__Data excerpt__:
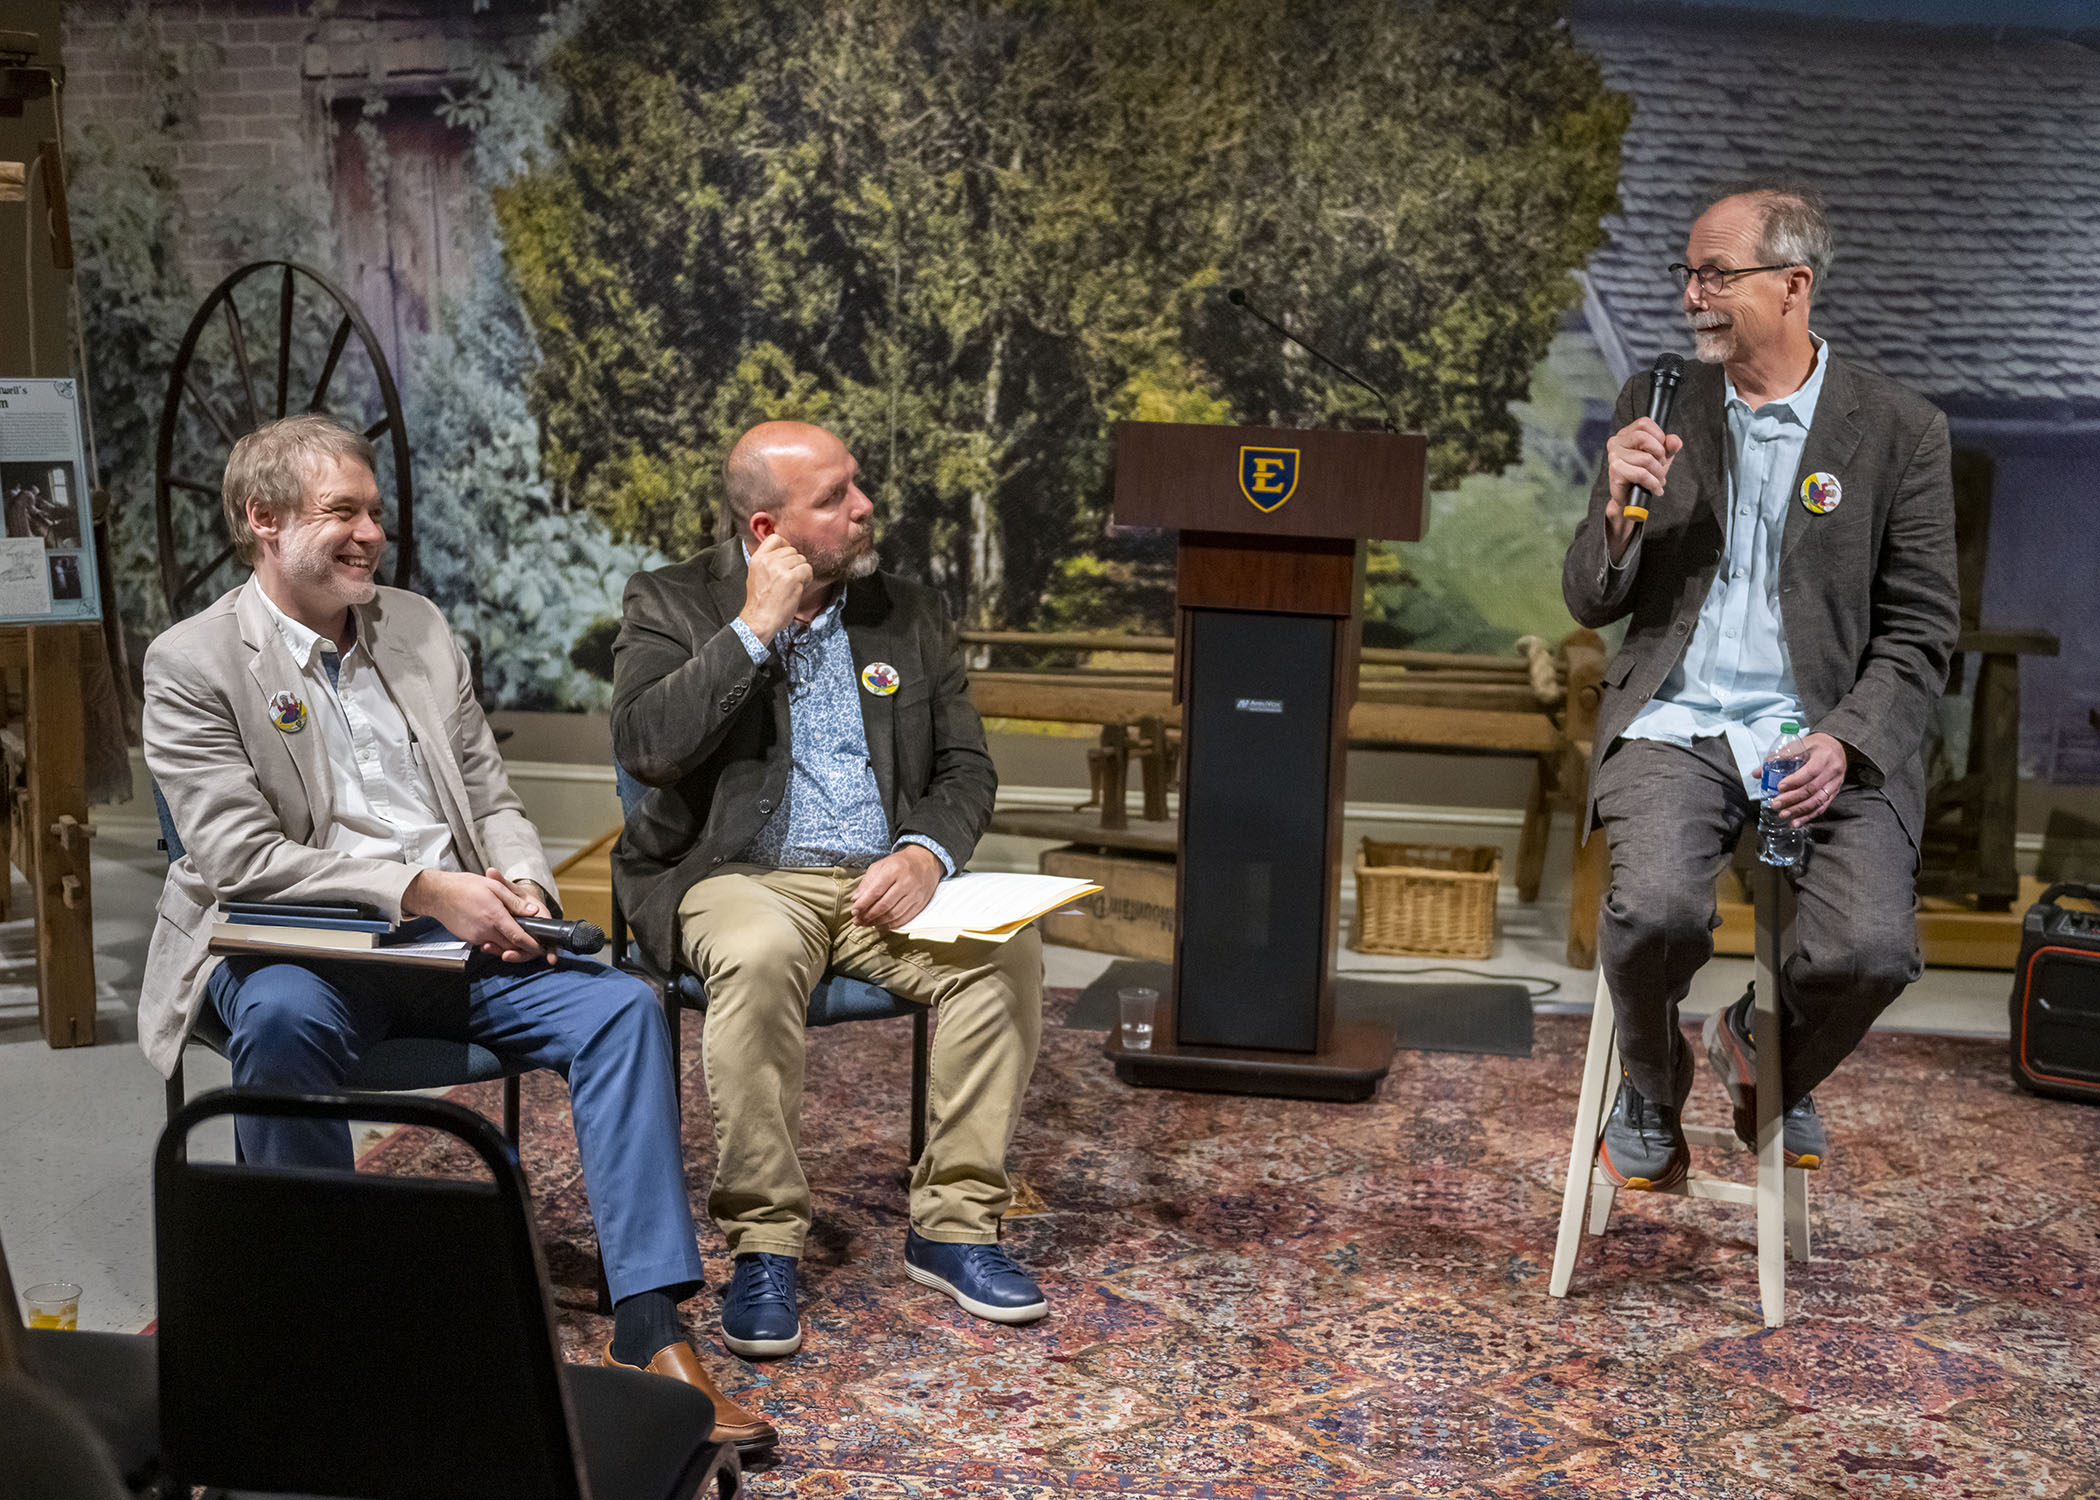 Keynote speaker Daniel Wallace joins a roundtable discussion with Dr. Jesse Graves and Dr. Scott Honeycutt to discuss his new memoir, This Isn't Going to End Well, and the legacy of William Nealy.  
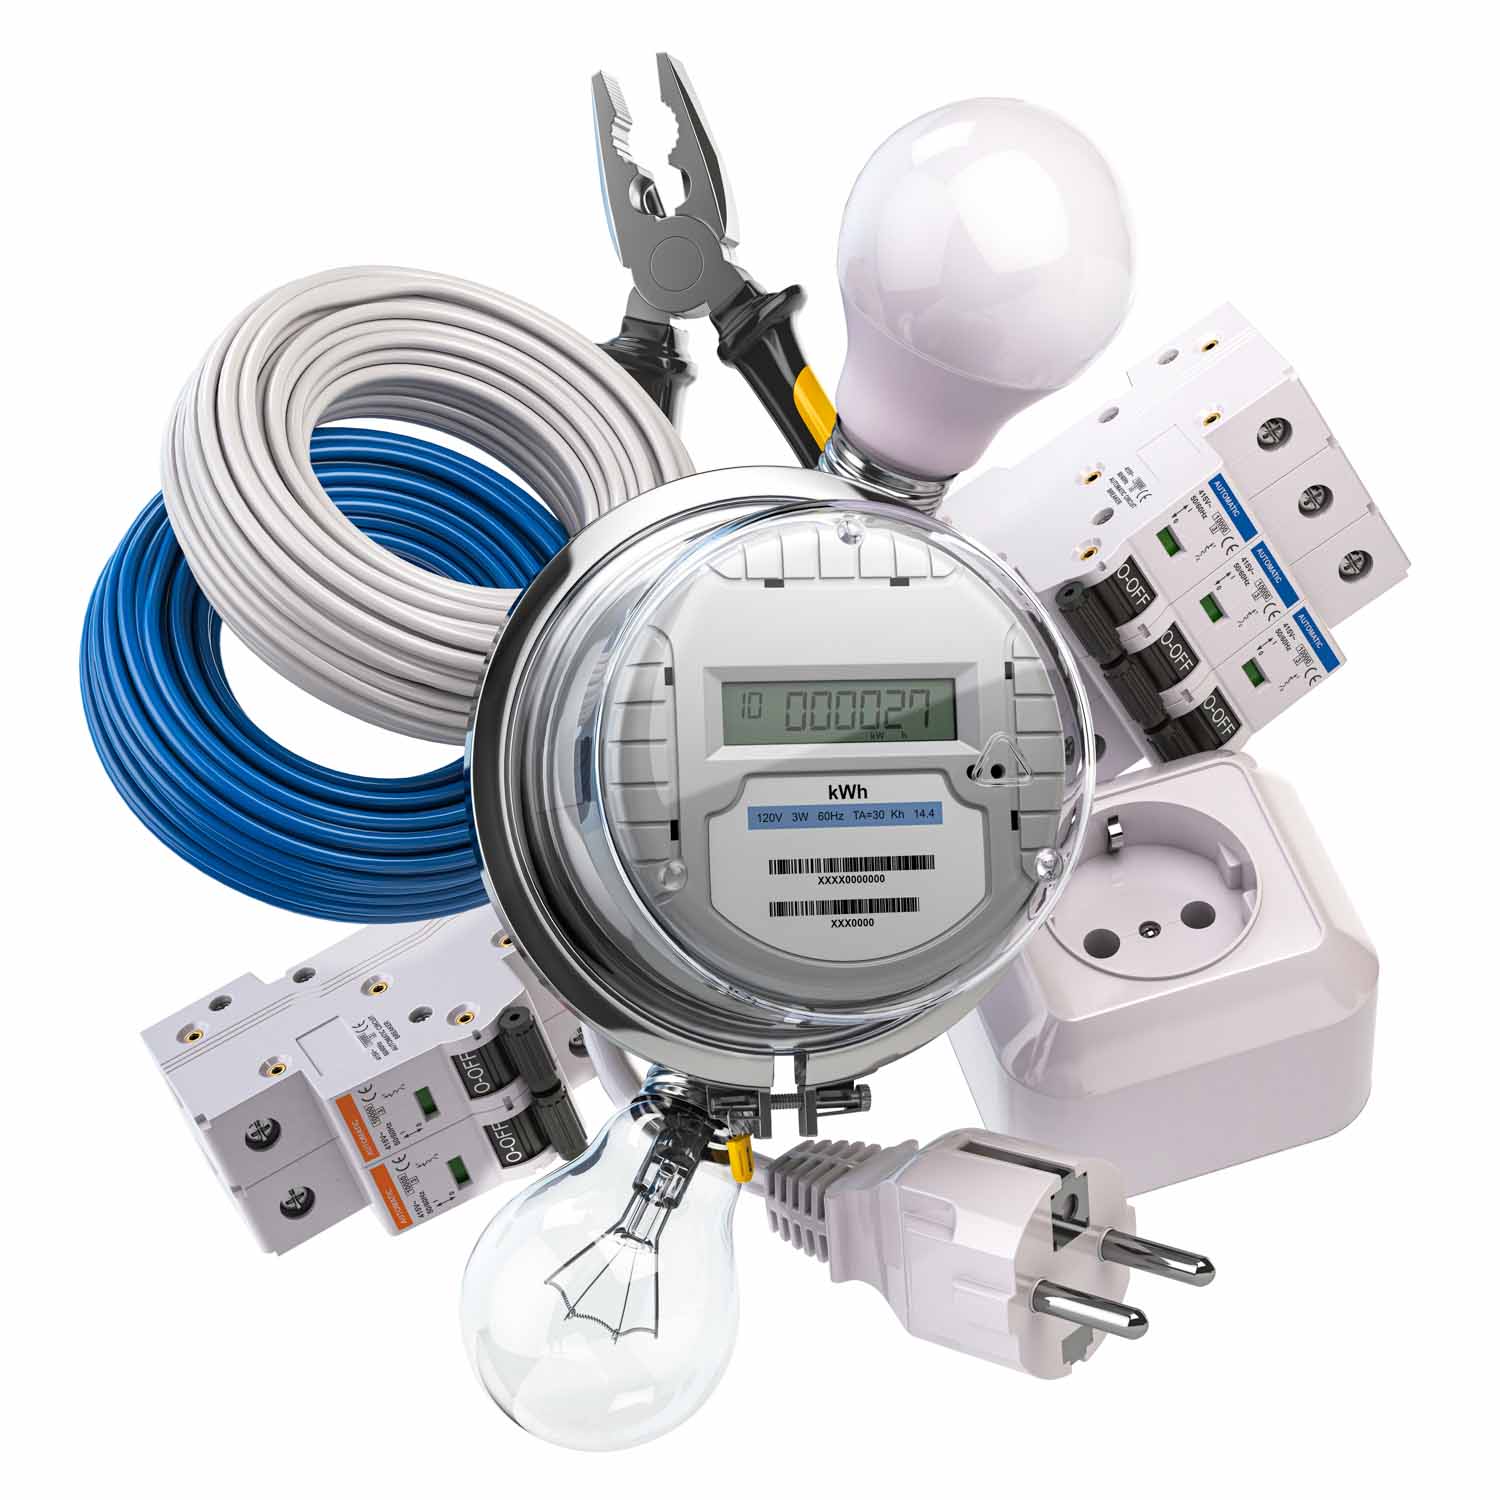 Low voltage equipment and systems
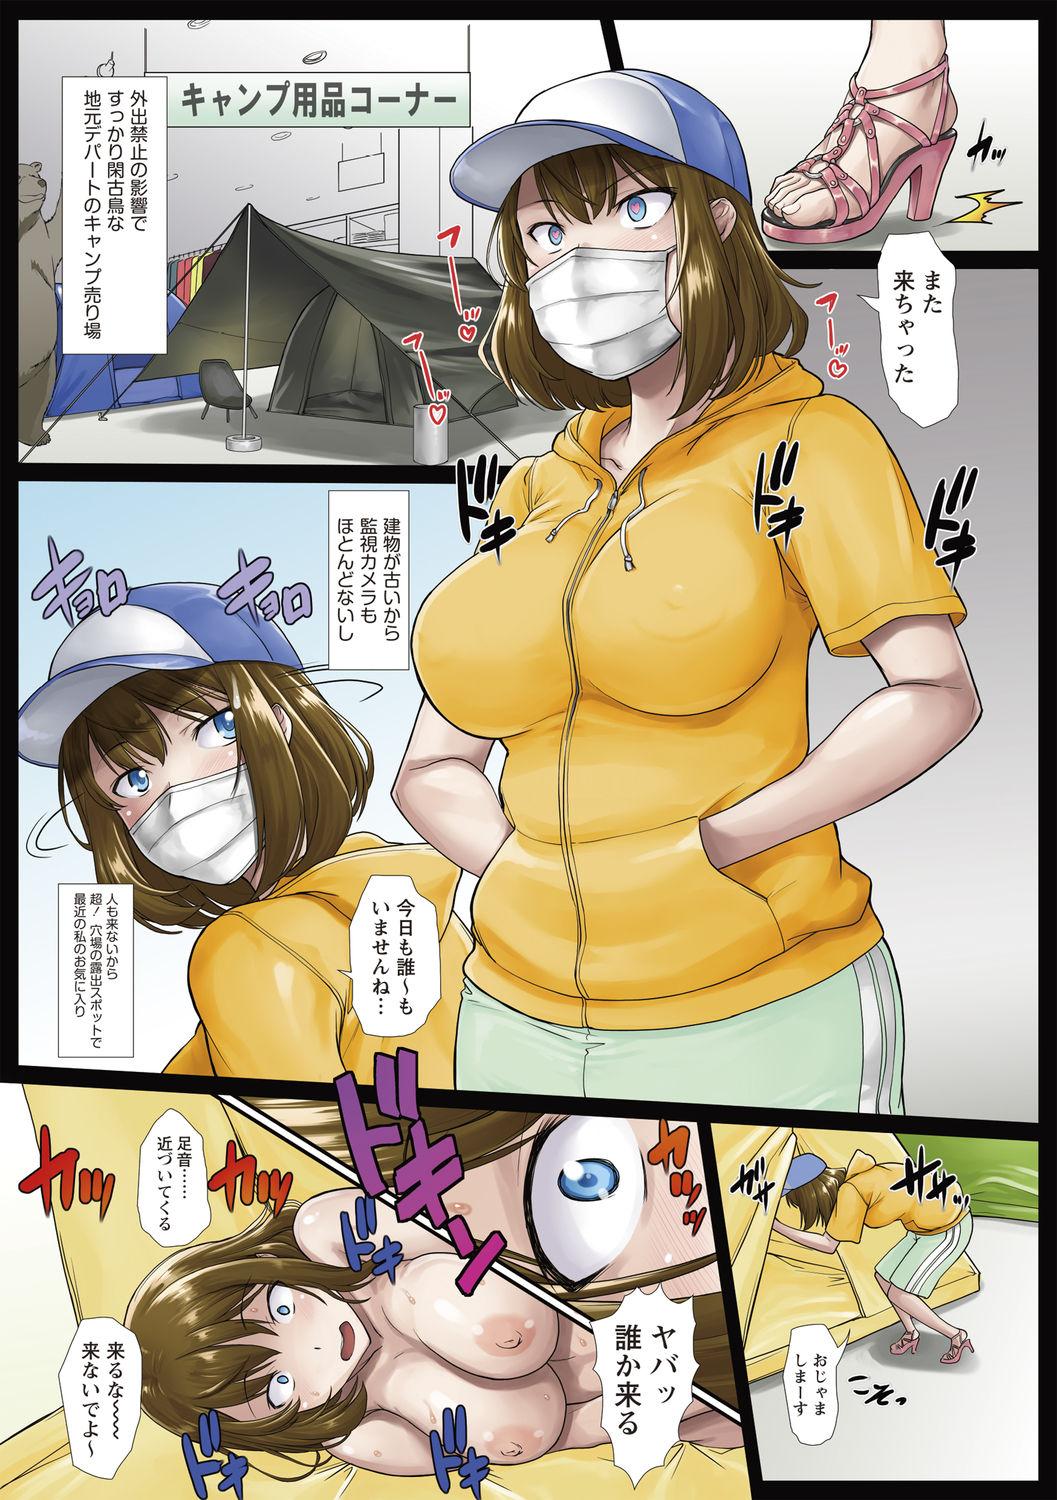 Best Blowjobs COMIC Masyo 2020-09 Flagra - Page 4

__Task to carry out__: An exact copy of every line above is needed, without the images.

__Reply__:
 Keynote speaker Daniel Wallace joins a roundtable discussion with Dr. Jesse Graves and Dr. Scott Honeycutt to discuss his new memoir, This Isn't Going to End Well, and the legacy of William Nealy.  
 Low voltage equipment and systems
 Best Blowjobs COMIC Masyo 2020-09 Flagra - Page 4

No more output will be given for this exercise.